# how many times have you been hurt?



## treeman82 (Mar 29, 2003)

In leu of all the injuries that have been reported on here lately, I was just wondering how many times people on this site have been injured during the course of their climbing careers. Let's call an injury anything that requires medical attention. So basically, cuts that are fixed with a bandaid or two are not counted, being sore after a long day isn't counted, and neither is poison ivy, or minor scratches.


----------



## mikecross23 (Apr 3, 2003)

Anyone want to fess up to the more than 10 times and lucky to be alive vote? Just curious. 

-Mike-


----------



## xander9727 (Apr 10, 2003)

Last Wednesday I was sharpening the teeth on my stump grinder, the tooth caught the wheel and twisted, pulling my thumb into the bench grinder. 6 hours and one plastic surgeon later and I'm as good as new.......sort of.


----------



## treeman82 (Apr 10, 2003)

I know how you feel, I was grinding lawn mower blades last fall and the wheel caught a little too much of the blade, bringing my thumb in contact with the wheel. I bled pretty nicely. I was lucky though, it just ground away some of the nail, and ripped open some skin, in a few weeks I was good as new.


----------



## Stumper (Apr 12, 2003)

Based on your criteria I checked in on "once or twice". I sprained my right elbow very seriously (still have some permanent loss of range of motion) when I caught my heel stepping off of a retaining wall with an armload of brush. I also partially dislocated my right shoulder trying to free a hanger while removing an oak several years ago. Yes I should have repositioned BUT the injury ws directly traceable to a previous non work-related injury that I only thought I had recovered from. 
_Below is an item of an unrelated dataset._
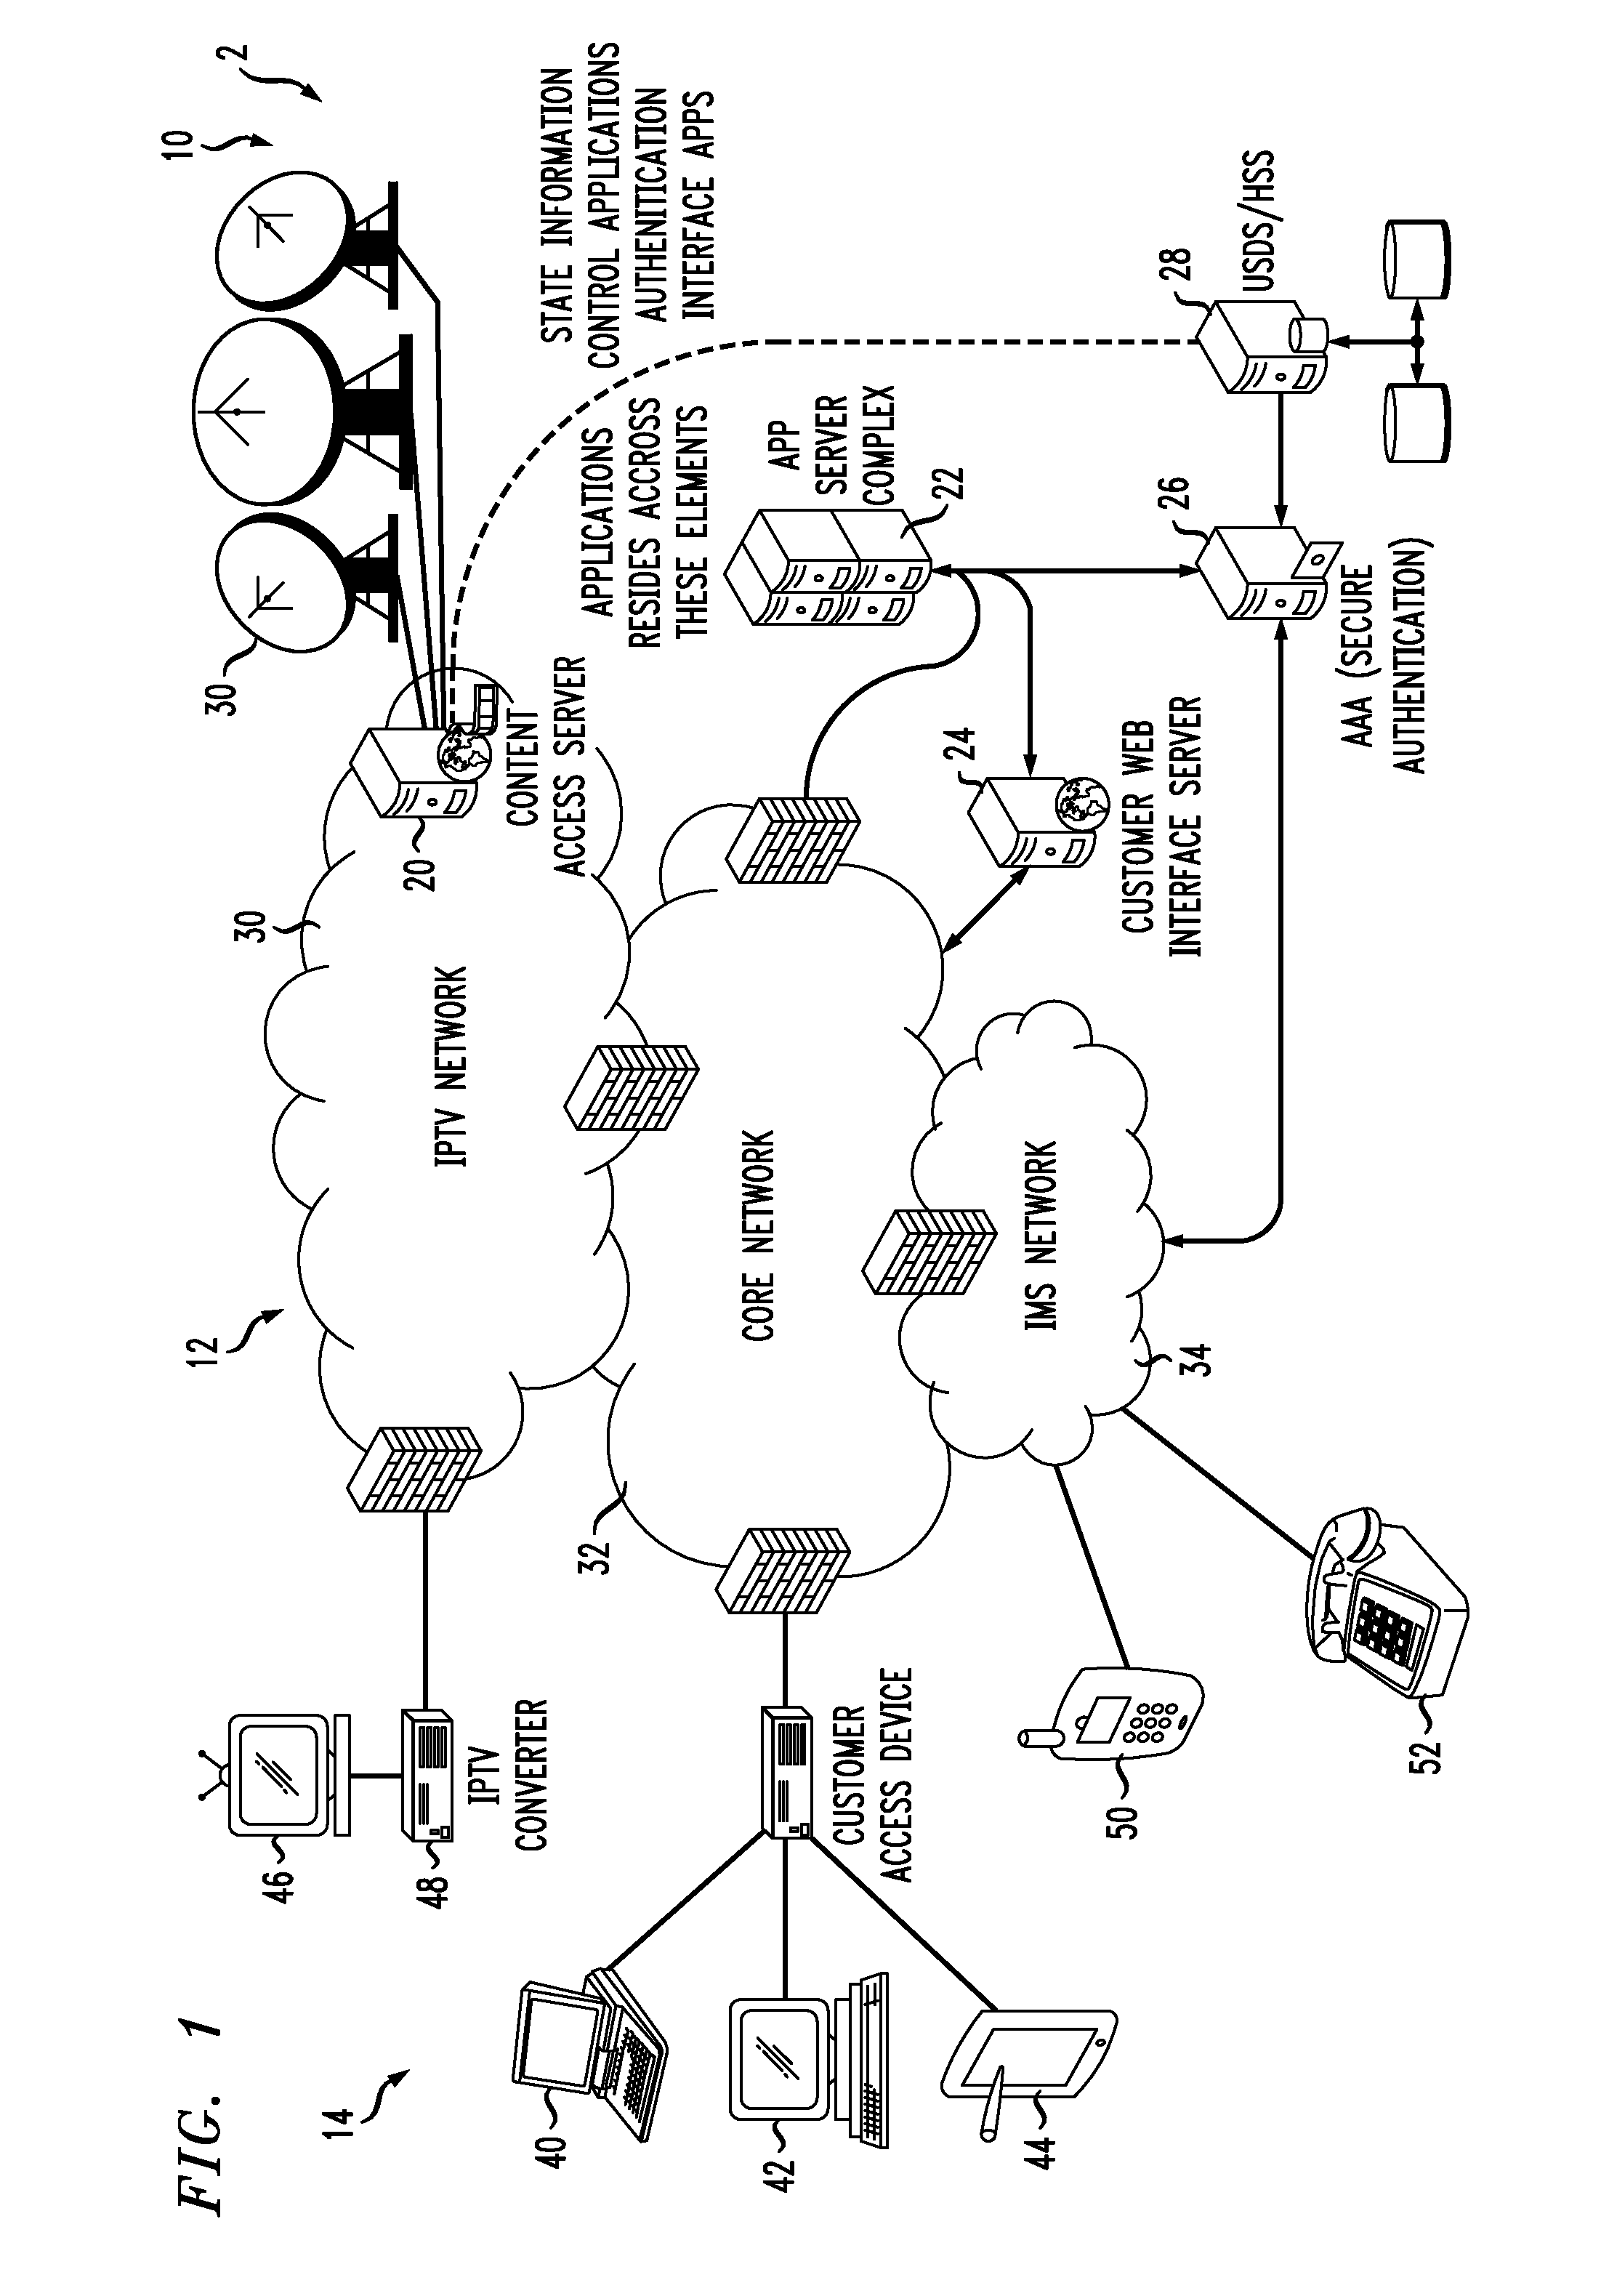 Method and apparatus for personalized multi-user centralized control and filtering of IPTV content
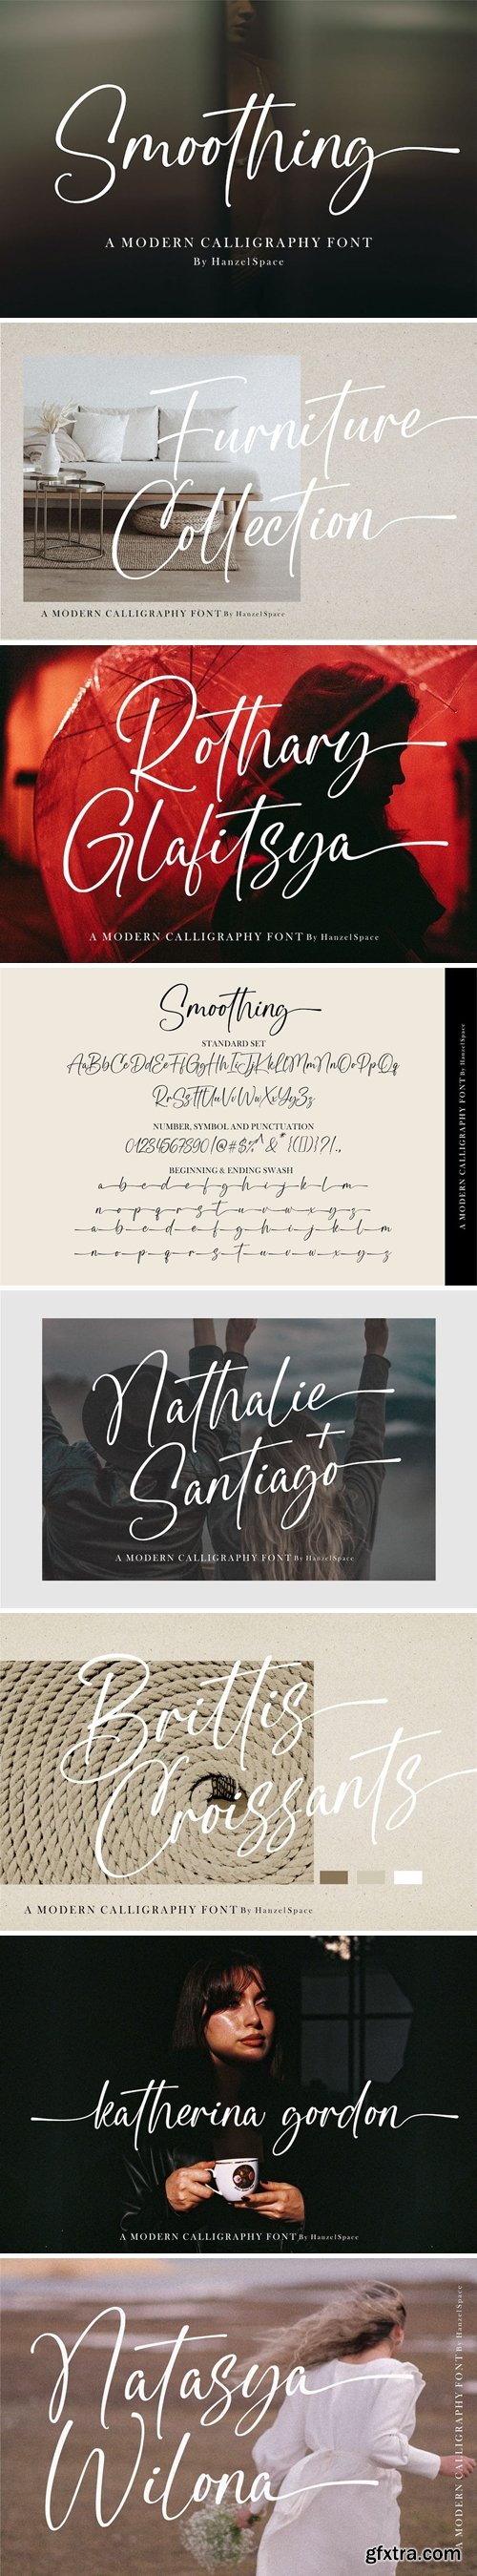 Smoothing - Modern Calligraphy Font

No chainsaw scars...... I am now typing onehanded vwhilepounding myself in the head sinceit is the most readily availabe wood to knock on.


----------



## John Paul Sanborn (Apr 12, 2003)

These days I hurt when I get up in the morning.


----------



## lync (Apr 12, 2003)

*chainsaw bite*

Last year while sharpening a chainsaw (no gloves) slipped and ripped the heal of my right palm. Of course it was before I made the first climb of the day. A tube of crazy glue, paper towel and duct tape with a kevlar glove over it kept it together for the day.
A visit to the doctor was a waste, she said there was nothing more she could do that I hadn't already done. That .325 chain takes out a nice 3/16 wide channel of flesh, and thats on a saw thats not running!! First aid kit was helpful in stopping the bleeding and cleaning the wound. Crazy glued the piece that was hanging off back in place, and coated the wound with it.
Took 3 weeks for that stuff to wear away. Always good to have some handy!

Corey


----------



## treeman82 (Apr 12, 2003)

Corey, I remember reading somewhere that a single cutter tooth will remove as much as 1/4 inch of flesh. In that same document I remember reading that 600 teeth pass a single point on the bar in a second when going at full throttle?


----------



## TREETX (Apr 14, 2003)

I younger, but with JPS on this one. I have only been injured twice while doing tree work. I hurt almost every morning.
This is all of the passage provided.